Dedications
Mimi du 93 Bonne journée ensoleillée à tous sur Rma antilles didi bonjour lulu du saint ouen

Société & Identité Martiniquaise

LE BOUNTY MARTINIQUAIS : LE MASQUE MODERNE DE L’ALIÉNATION COLONIALE.

today15/05/2026 7 5

Arrière-plan
share close

En Martinique, il existe une figure sociale que beaucoup reconnaissent sans jamais vraiment la nommer. On l’appelle le “bounty”. Noir à l’extérieur, blanc à l’intérieur, selon la formule populaire aussi cruelle que révélatrice. Mais derrière le sarcasme, il y a une réalité beaucoup plus profonde : celle d’une aliénation héritée de plusieurs siècles de domination coloniale, d’esclavage et de hiérarchisation raciale.

Le bounty ne naît pas ainsi. Il est fabriqué.

Fabriqué par une société où, depuis l’enfance, tout enseigne qu’être proche des codes du dominant est une forme de réussite. La bonne manière de parler. Le bon prénom. Le bon quartier. Les bonnes fréquentations. Les bonnes références culturelles. En Martinique, certains apprennent très tôt qu’il vaut mieux être “acceptable” que simplement soi-même.

Alors le bounty joue un rôle.

  • Il ne parle pas seulement : il corrige son accent.
  • Il ne débat pas : il se dissocie.
  • Il ne vit pas sa culture : il l’analyse comme un objet extérieur.

Dès qu’un métropolitain entre dans la conversation, le spectacle commence. Certains deviennent les traducteurs officiels de leur propre peuple. Ils expliquent “les Antillais” comme on commenterait une tribu exotique dans un documentaire colonial.

  • « Ici les gens sont jaloux… »
  • « Les Martiniquais ne veulent pas travailler… »
  • « Le problème, c’est la mentalité… »
  • Et bien sûr, eux seraient différents. Plus rationnels. Plus civilisés. Plus “universels”.

En réalité, le bounty cherche souvent une chose très simple : la validation.
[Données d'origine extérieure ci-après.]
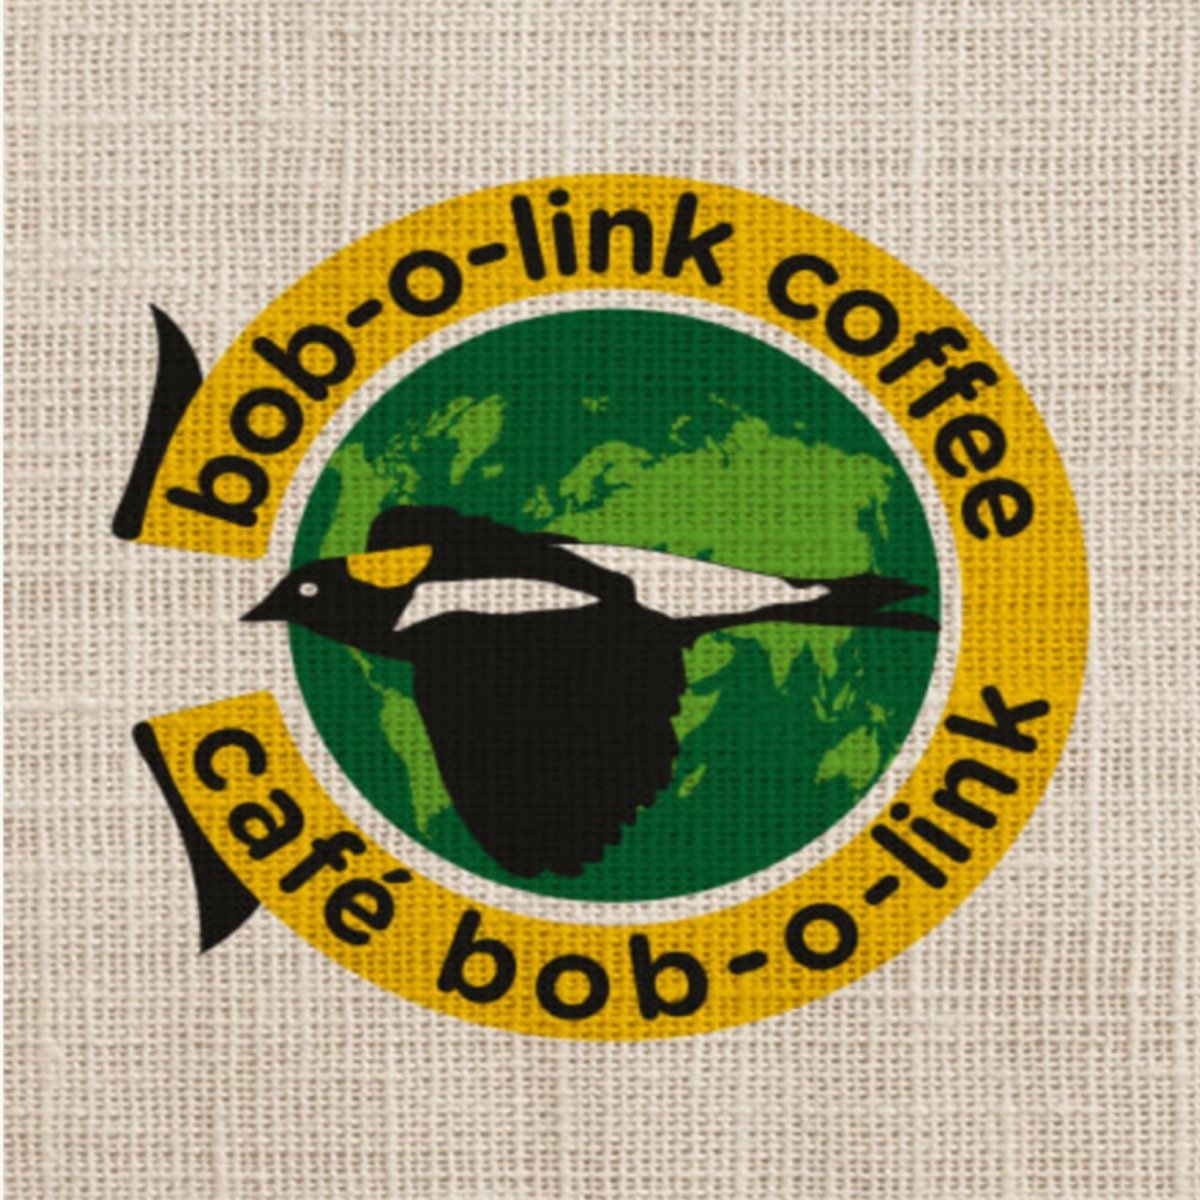 Bob o link. Brasil - Artisancoffee

Cette phrase empoisonnée, beaucoup l’ont entendue un jour : « Toi, t’es pas comme les autres. »

Une phrase qui ressemble à un compliment mais qui est en réalité une gifle collective. Pour être accepté, il faut donc se distinguer des siens. Se tenir à distance du peuple. Éviter d’être associé aux “noirs ordinaires”. Le bounty finit alors par vivre dans une tension permanente : être noir sans vouloir être identifié à la condition noire.

C’est là toute la violence psychologique de l’héritage colonial.

Car la Martinique reste une société marquée par une hiérarchie sociale et symbolique issue de l’habitation coloniale. Même lorsque les chaînes ont disparu physiquement, certains réflexes mentaux, eux, ont survécu. Le prestige reste souvent associé à la proximité culturelle avec l’ancien maître. Le français “parfait” vaut plus que le créole. Les références européennes paraissent plus nobles. La réussite est souvent imaginée ailleurs : à Paris, en métropole, loin du pays.

Le bounty devient alors le commercial du mépris colonial.

  • Il vend son peuple pour acheter une place dans un système qui ne l’acceptera jamais totalement.
  • Il critique plus fort que les autres pour prouver son intégration.
  • Il rit plus vite.
  • Il méprise plus bas.
  • Il caricature les Martiniquais pour montrer qu’il ne leur ressemble pas.

Mais derrière cette posture, il y a souvent une immense insécurité identitaire.

Car malgré tous ses efforts, beaucoup de ceux qu’il cherche à séduire continuent de le voir avant tout comme un noir. Plus docile peut-être. Plus pratique. Plus rassurant. Mais jamais complètement égal.

C’est toute la tragédie décrite par Frantz Fanon dans Peau noire, masques blancs. Fanon expliquait déjà comment le colonisé peut finir par intérioriser le regard du dominant au point de vouloir fuir sa propre identité. Aujourd’hui, ce mécanisme n’a pas disparu. Il s’est modernisé.

Il porte un costume slim, parle management, utilise LinkedIn et croit parfois que la neutralité politique ou culturelle le protégera du réel et les exemples ne manquent pas sur cet île  ou il y a plus de  nègres de maisons et de bountys au km2.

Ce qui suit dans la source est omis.